As college football season heats up, the Wall Street Journal's Ben Cohen investigates the psychological and physiological effects of competitive feelings on both athletes and fans.
Emerging science suggests that rivalries can produce extraordinary outcomes and are best understood through college sports, according to Gavin Kilduff, a New York University management professor who's researched the topic.
The notion that people comport themselves differently in competitive situations dates back years; for example, Cohen cites an 1898 study that found cyclists went faster when other cyclists were around them. However, only in the past ten years have researchers begun to identify the psychology behind rivalries.
What is a rivalry?
"Rivalry is fundamentally related to competition, but it's competition over time," says Mina Cikara, Harvard University psychologist, providing an "opportunity for attitudes and emotions to become more polarized and entrenched."
History, proximity, and similarity of schools add the "oomph" to every rivalry, says Kilduff, and feelings intensify when their records against each other are close. For example, going into last Saturday's match-ups, Auburn University and University of Mississippi (Ole Miss) respectively lead Alabama University and Mississippi State University 18-16 since 1980.
Bolstering support for university athletics
In the Mississippi State locker room, a clock counts down to the yearly Egg Bowl versus rival Ole Miss—and resets right after the game. "Our players see it every day," says coach Dan Mullen.
What are the effects on athletes?
Rivalries both increase athletes' motivation and improve their performances. Examining results of running club races, Kilduff found runners were about 25 seconds faster in 5-kilometer races when going against rivals.
The competition also manifests physically—a 2003 study tested English soccer players' saliva before and after games and practices against various teams. When they played rivals, their testosterone levels spiked.
This reason, Cohen suggests, may be why rival face-offs produce upsets and frequently close games. According to a Wall Street Journal analysis of the top 15 betting lines, in 48% of meetings the last 25 years, "double-digit underdogs" stayed within single digits of their football rivals—compared with just 39% of their other games.

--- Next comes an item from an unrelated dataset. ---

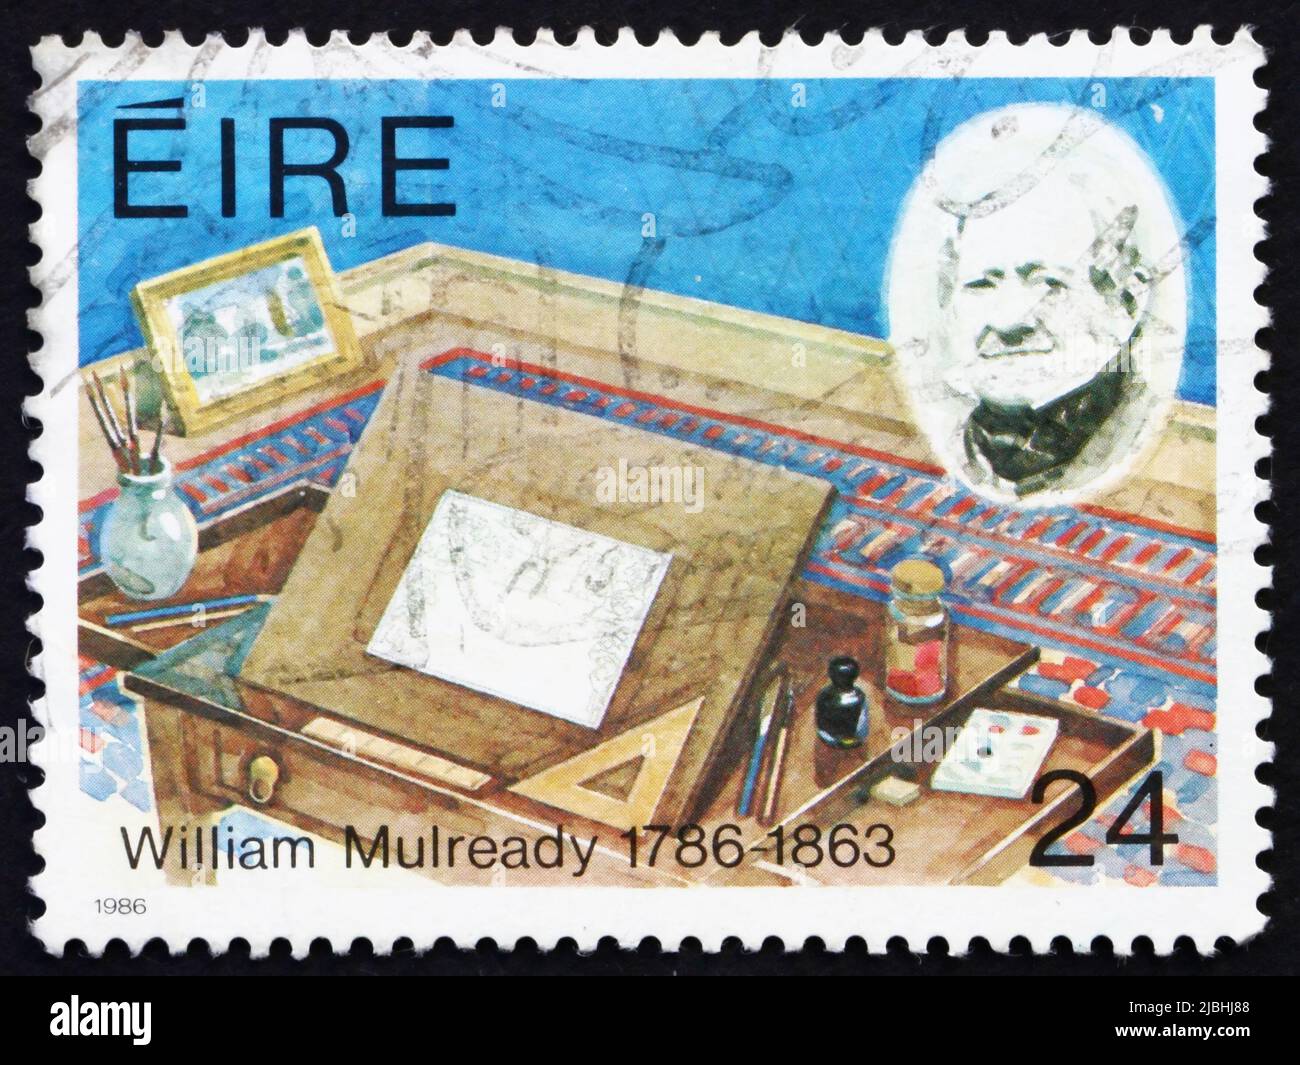 IRLANDE - VERS 1986: Un timbre imprimé en Irlande montre William Mulready, concepteur de feuilles de lettre, vers 1986 Banque D'Images

On the other hand, writes Cohen, "There is enough scholarly literature about choking under pressure to fill Michigan Stadium."

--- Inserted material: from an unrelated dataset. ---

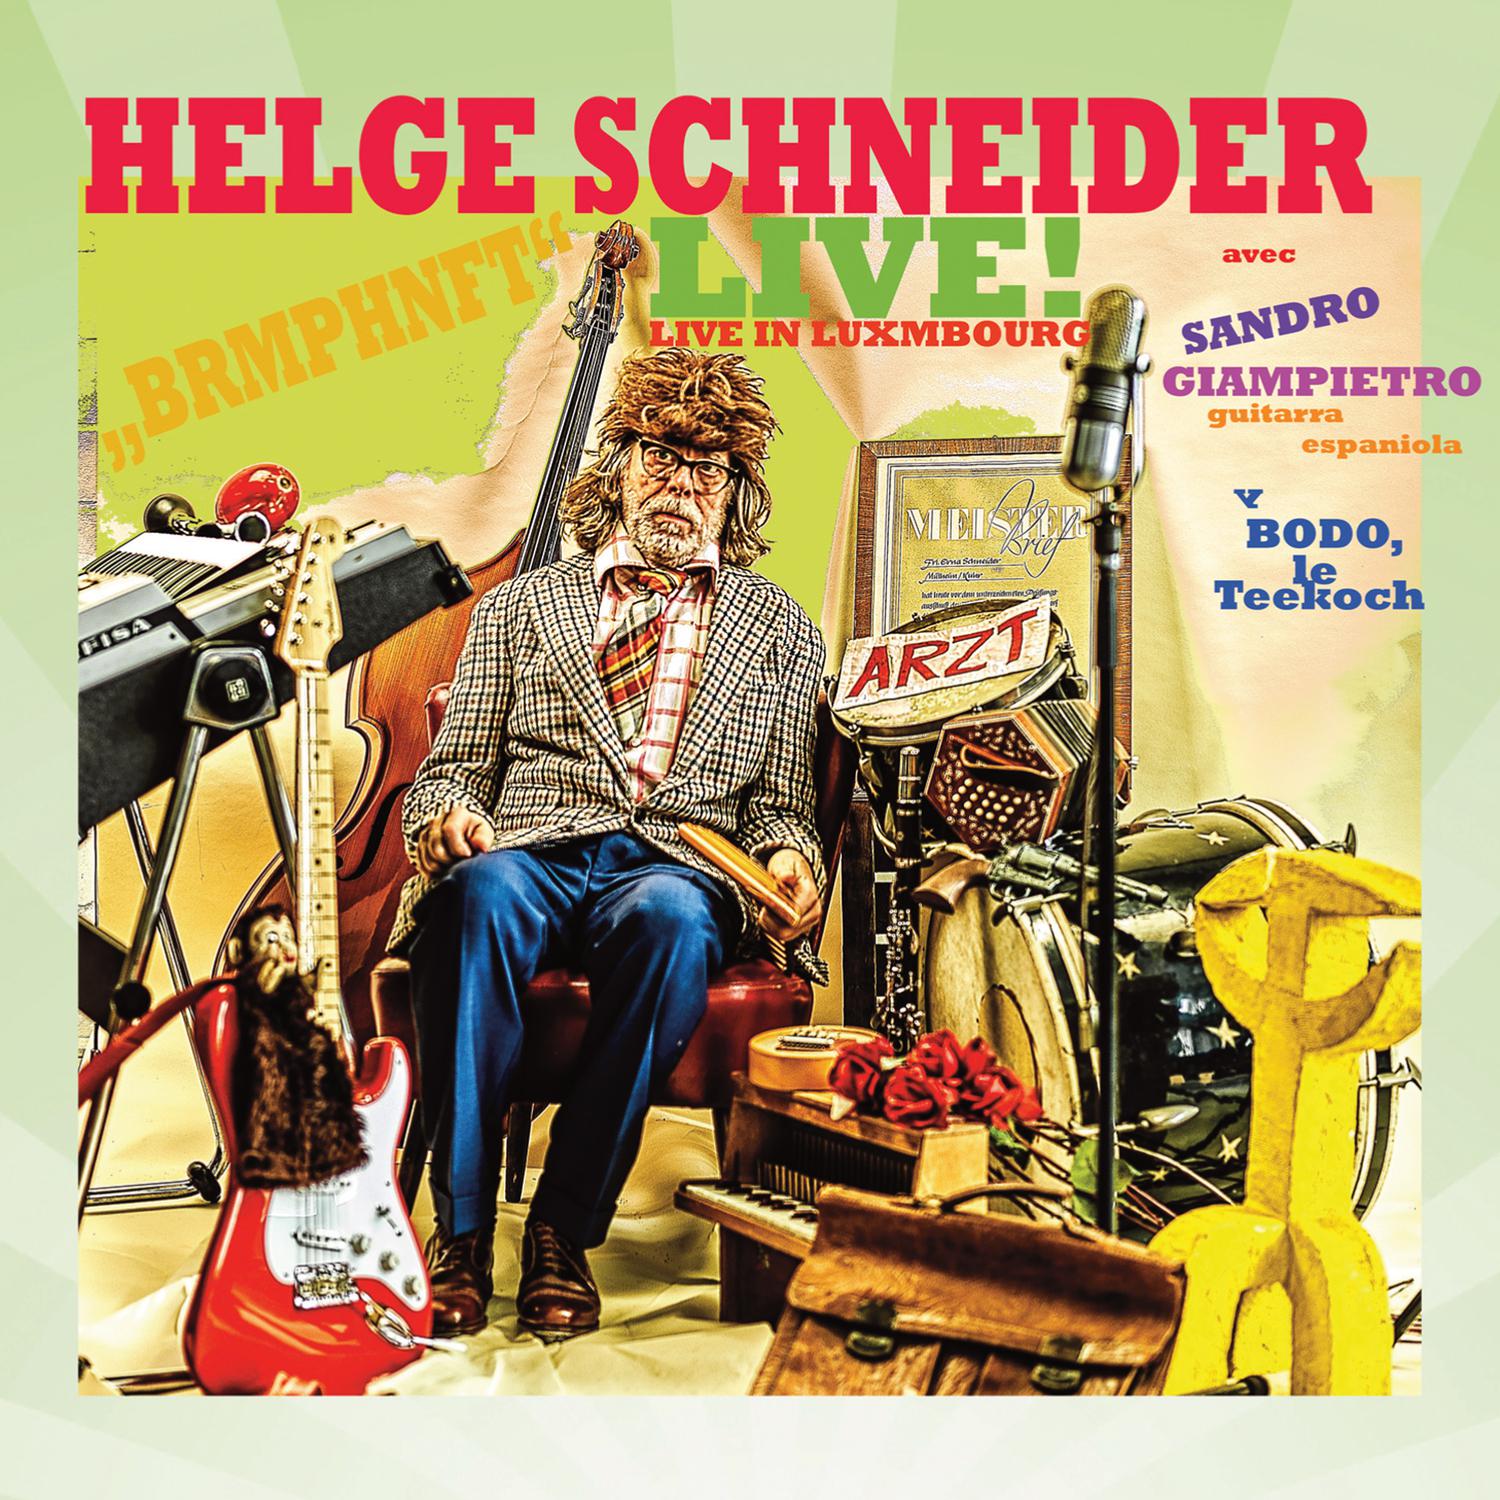 Helge Schneider - Baby Baby unter der Decke (Live)

However, academics caution they are just beginning to understand the ways that rivalries affect people, and whether across industries they could cause unethical decisions, risk taking, or overconfidence.
What about fans?
The intensity extends beyond just players on the field. For a 2011 paper in the journal Psychological Science, researchers had fans of the New York Yankees and Boston Red Sox watch baseball plays while hooked up to functional magnetic resonance imaging machines that monitored parts of their brains correlated with pleasure.
Not only were fans elated when their teams made good plays, but also when their rivals messed up—even when playing a third team.
"That is what is so fascinating about groups of sports fans in particular," says Cikara, the lead researcher, "People get invested and worked up about events and games over which they have no control."
Another study from the psychologists at University of Kentucky examined "schadenfreude," or happiness stemming from others' misfortune, and "gluckschmerz," unhappiness from others' good fortune.
The researchers looked at Kentucky basketball fans who read news articles about injured Duke University players. Extreme fans felt gluckschmerz when the injures were minor or players recovered, and schadenfrude when Duke's athletes were hurt severely.
As Cohen notes, "fans play an outsize role" in college football rivalries, because many of the players on the field grew up fans themselves. This year, more than half of the players in the Egg Bowl were from the state (Cohen, Wall Street Journal, 11/27).